Une partie des échantillons de Ryugu ira à la NASA, qui ramène des roches et du sol d’un autre astéroïde avec sa mission OSIRIS-REX. le La sonde spatiale OSIRIS-REX a étudié un astéroïde plus petit riche en carbone nommé Bennu et il recommencera sur Terre au printemps prochain, déposer ses échantillons de roches en septembre 2023.

Ryugu et Bennu se sont révélés étonnamment similaires à certains égards, à la fois ressemblant à des toupies et avec des surfaces couvertes de rochers, mais différents à d’autres égards. Les rochers de Ryugu semblent contenir beaucoup moins d’eau, pour un. L’importance des similitudes et des différences ne deviendra claire qu’après que les scientifiques aient étudié les roches plus en détail.

«Lorsque l’échantillon OSIRIS-REX reviendra, nous tirerons les leçons de la mission Hayabusa2», a déclaré Harold C. Connolly Jr., professeur de géologie à l’Université Rowan du New Jersey et scientifique chargé de l’échantillon de mission pour OSIRIS-REX. «Les similitudes et les différences sont absolument fascinantes.»

Le Dr Connolly espère se rendre au Japon l’été prochain pour participer à l’analyse des échantillons de Ryugu.

READ  Un vaccin changera la donne pour les voyages internationaux. Mais ce n'est pas tout

Hayabusa2 n’est pas la première mission planétaire du Japon. En effet, son nom indique l’existence de Hayabusa, une mission antérieure qui rapportait des échantillons d’un autre astéroïde, Itokawa. Mais cette mission, lancée en 2003 et revenue en 2010, a rencontré des problèmes techniques majeurs. Le vaisseau spatial Akatsuki de JAXA, actuellement en orbite autour de Vénus, que l’agence japonaise a réussi à remettre en mission scientifique après des années de difficultés. Une mission japonaise sur Mars a également échoué en 2003.
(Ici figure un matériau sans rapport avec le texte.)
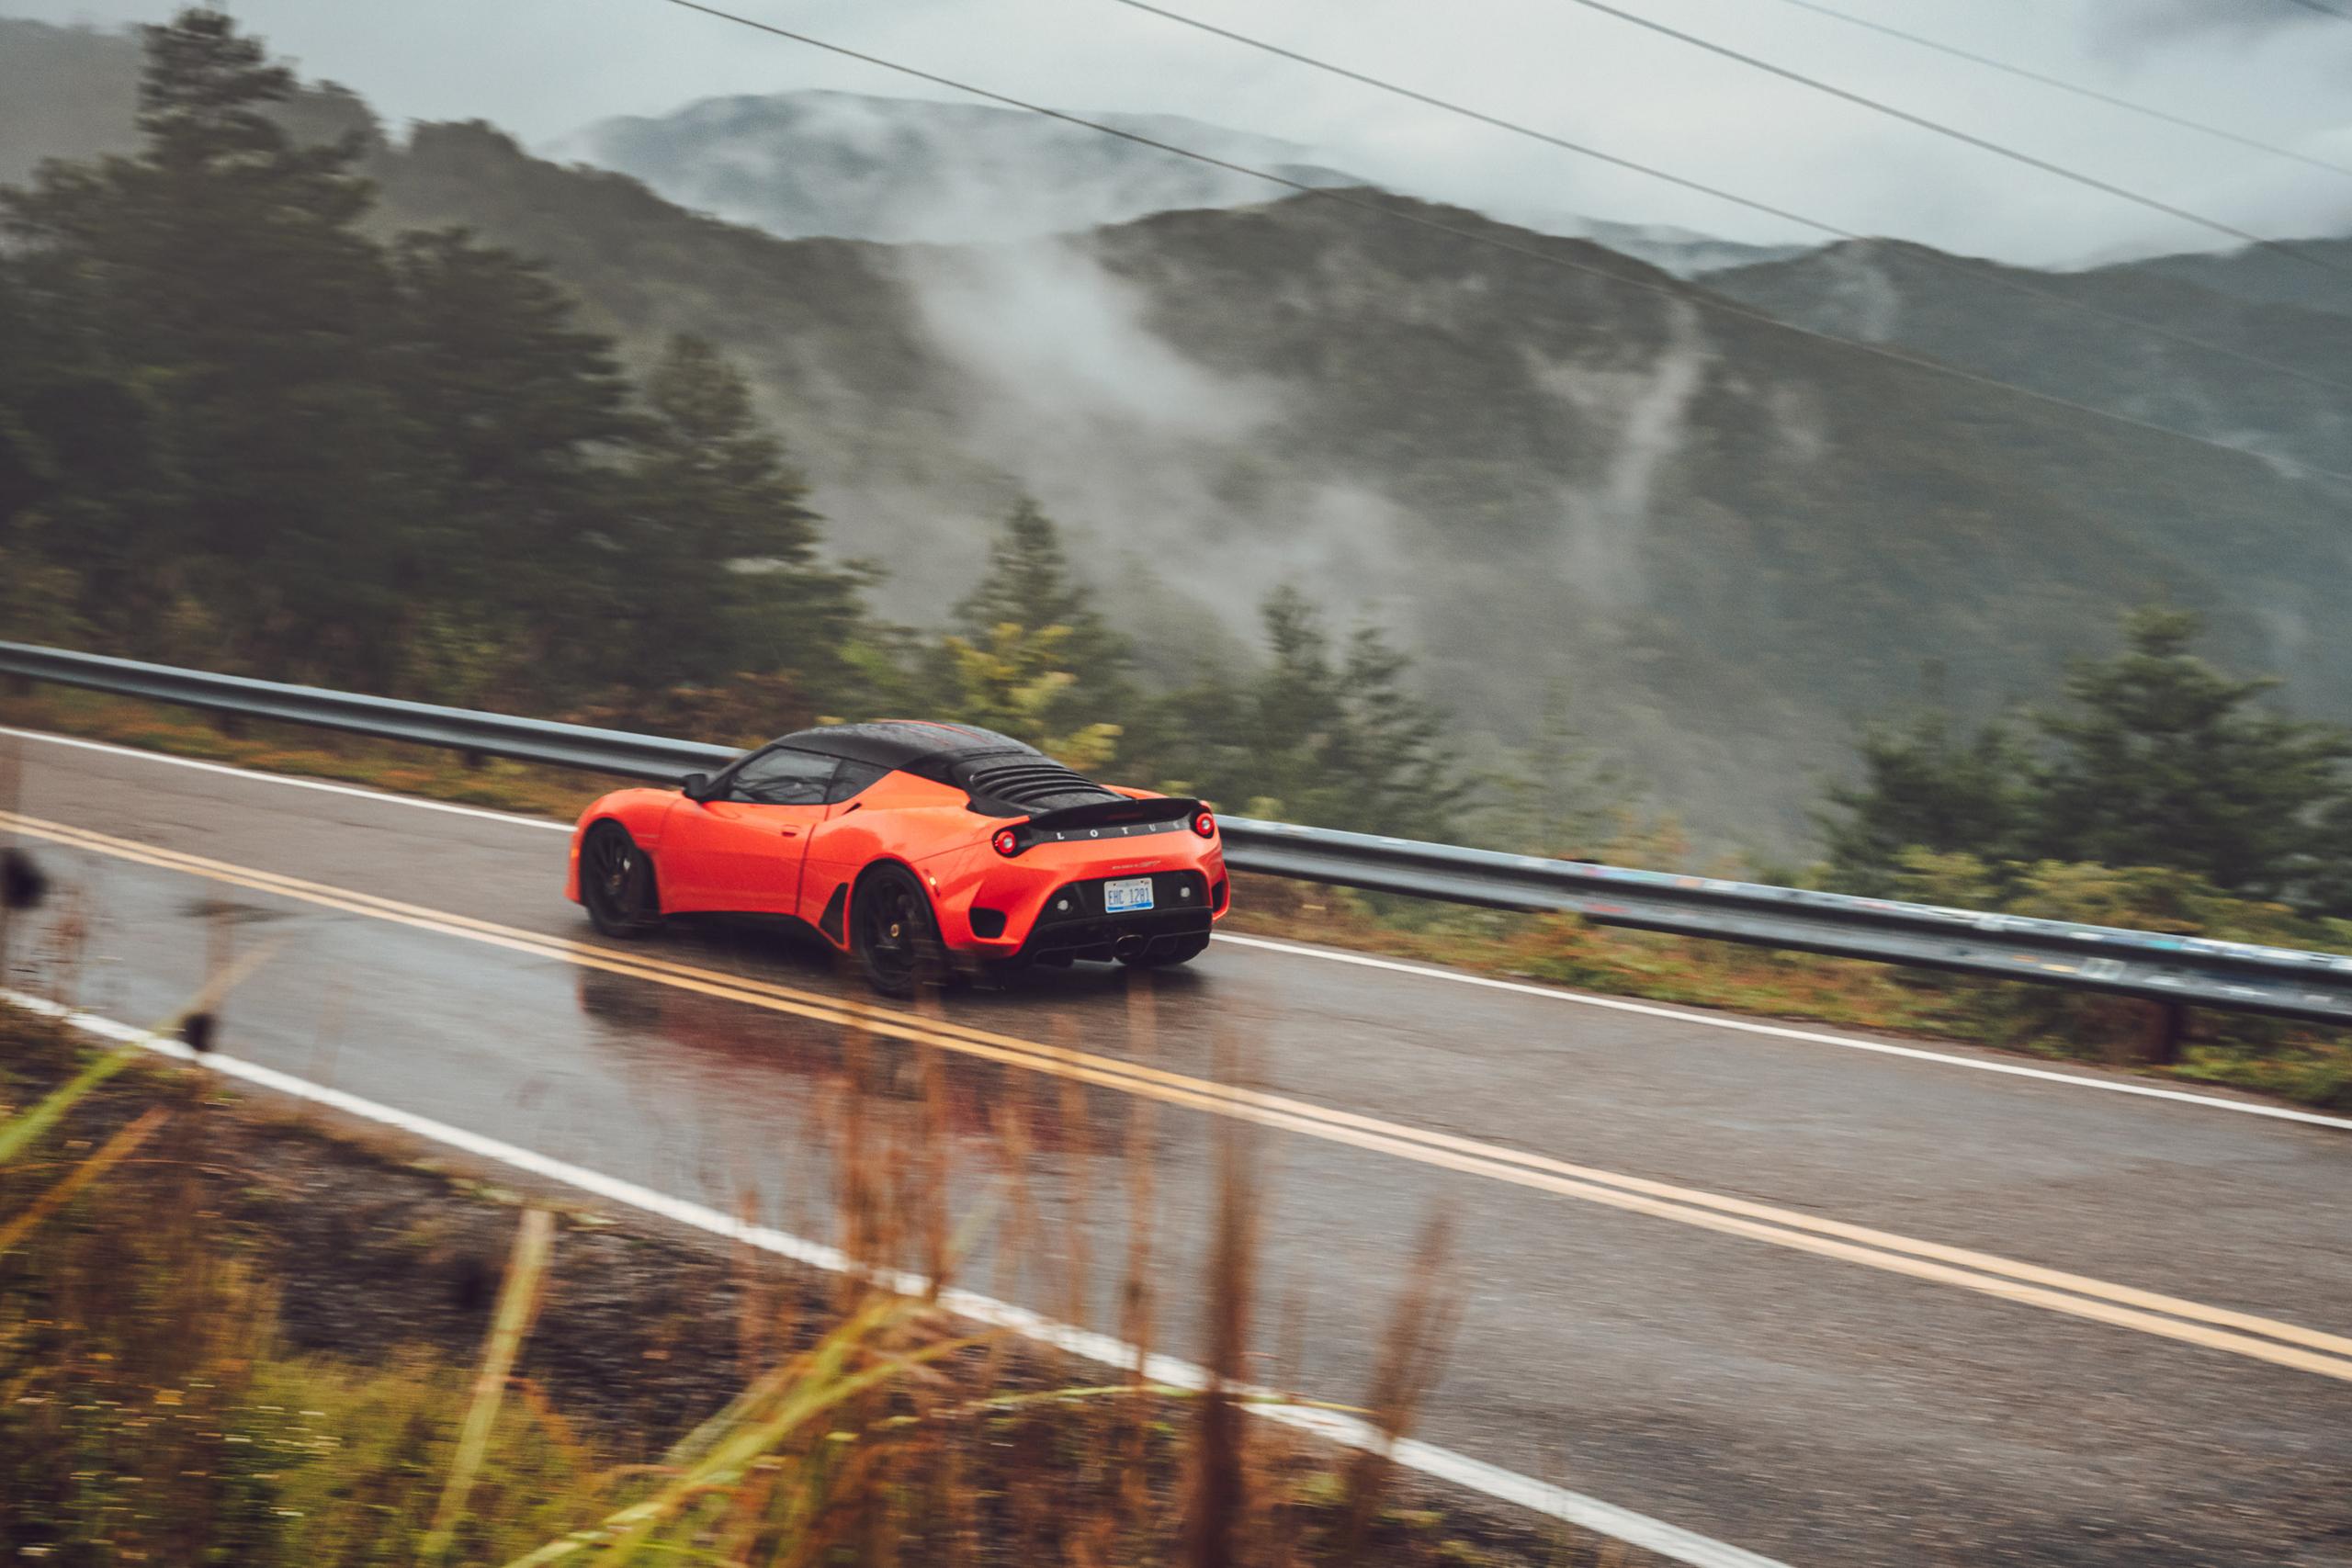 Lotus Evora GT rear

En revanche, les opérations de Hayabusa2 se sont déroulées presque sans faille, même s’il conserve le même design général que son prédécesseur. «En fait, il n’y a pas de gros problèmes», a déclaré le Dr Yoshikawa, le directeur de la mission. “Bien sûr, les petits.”

Il a déclaré que l’équipe avait étudié en détail les échecs sur Hayabusa et apporté des changements au besoin, et a également mené de nombreuses répétitions pour essayer d’anticiper les éventualités qu’elle pourrait rencontrer.

Les missions japonaises fonctionnent généralement avec des budgets plus petits que ceux de la NASA et transportent donc souvent moins d’instruments. Le coût de Hayabusa2 est inférieur à 300 millions de dollars tandis que le prix d’OSIRIS-REX s’élèvera à environ 1 milliard de dollars.

Déposer les échantillons Ryugu n’est pas la fin de la mission Hayabusa2. Après avoir libéré la capsule de retour, le vaisseau spatial principal a changé de cap pour éviter une collision avec la Terre, manquant de 125 milles. Il se rendra maintenant vers un autre astéroïde, un petit astéroïde désigné 1998 KY26 qui n’a que 100 pieds de diamètre mais qui tourne rapidement, effectuant une rotation en moins de 11 minutes.

Hayabusa2 utilisera deux survols de la Terre pour se jeter vers KY26, arrivant finalement en 2031. Il mènera des expériences astronomiques au cours de son long voyage dans l’espace lointain, et le vaisseau spatial porte encore un dernier projectile qu’il peut utiliser pour tester la surface de cette roche spatiale.